Like AI or hate it, doubt it or trust it, artificial intelligence is here to stay, and likely to keep growing.

While the idea of computer-generated term papers can seem like just high-tech cheating, experts say artificial intelligence can also be positive in a lot of ways.

“AI is not magic stuff,” says Ragaa Abdallah, chair of Oakton’s Computer Information Systems Department that’s running the new program.

In fact, for the first three of the four course offerings, you don’t need to be a math or science genius.

This is a “no-coding” approach, which, according to Forbes.com, means tools are taught “that allow anyone to create AI applications without having to get their hands dirty writing technical code.
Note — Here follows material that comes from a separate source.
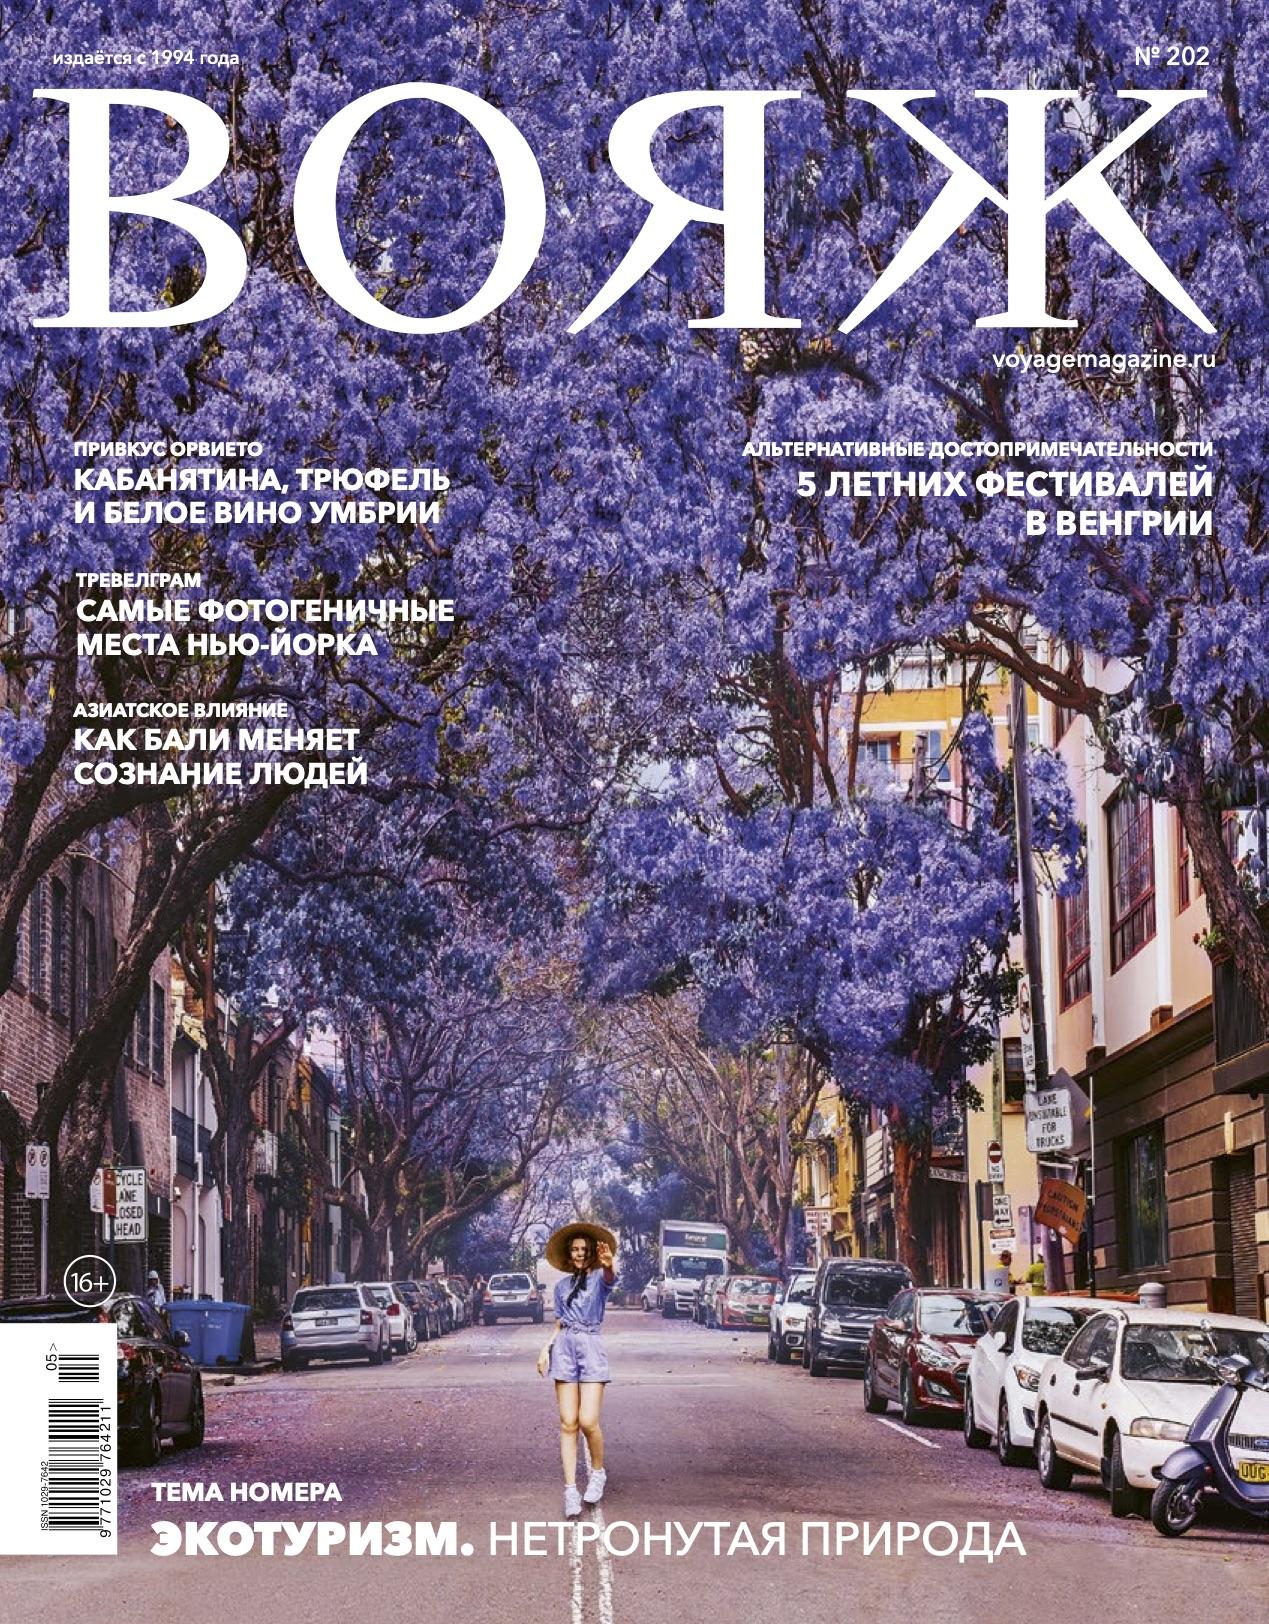 Обложка журнала ВОЯЖ №202

AI can be useful to anyone in just about any job ….”

In fact, other than the for the final Oakton/ETHS class, there are no prerequisites. (The fourth one does require what Adbullah describes as “math maturity.”)

Besides ending up with 12 college credits, students who complete the four courses will also get an Oakton certificate in “Essential Applications of AI” which an Oakton brochure says will give students skills to “leverage AI tools and techniques for problem-solving, data-driven, decision making and ethical AI applications across diverse industries.”

In other words, it can help you get a job,and a pretty good job at that.

The Oakton informational brochure says that in 2023, “the median advertised salary of jobs requiring AI skills in northeastern Illinois was $59.02/hr.”

Plus, one of the key words in the Oakton description is “ethical.”

“Students should know how to use the skills, but do so ethically.” says James Rabchuck, Oakton’s Dean of STEM (science, technology, math and engineering).

“It’s not a thinking tool, but it does have an amazing capacity to synthesize knowledge,” he explains.

Abdallah says those using AI “should be careful to fact check. Generative AI,” she says, “is like a toddler. It can’t filter anything.” There’s no fact-checking when a toddler blurts something out, no matter how cute.

The first course will start later in March, then two over the summer, then the final one in the fall. The classes are all free, thanks to an approximately $300,000 state grant to Oakton.

The hope is to continue the program in the future.

There will be an informational session for ETHS students after school at 2:30 p.m. Tuesday, at the HUB in the high school building.

Leibforth says the course sequence “opens AI up to everyone. Some may already be heavy duty coders,” while others may not know coding at all.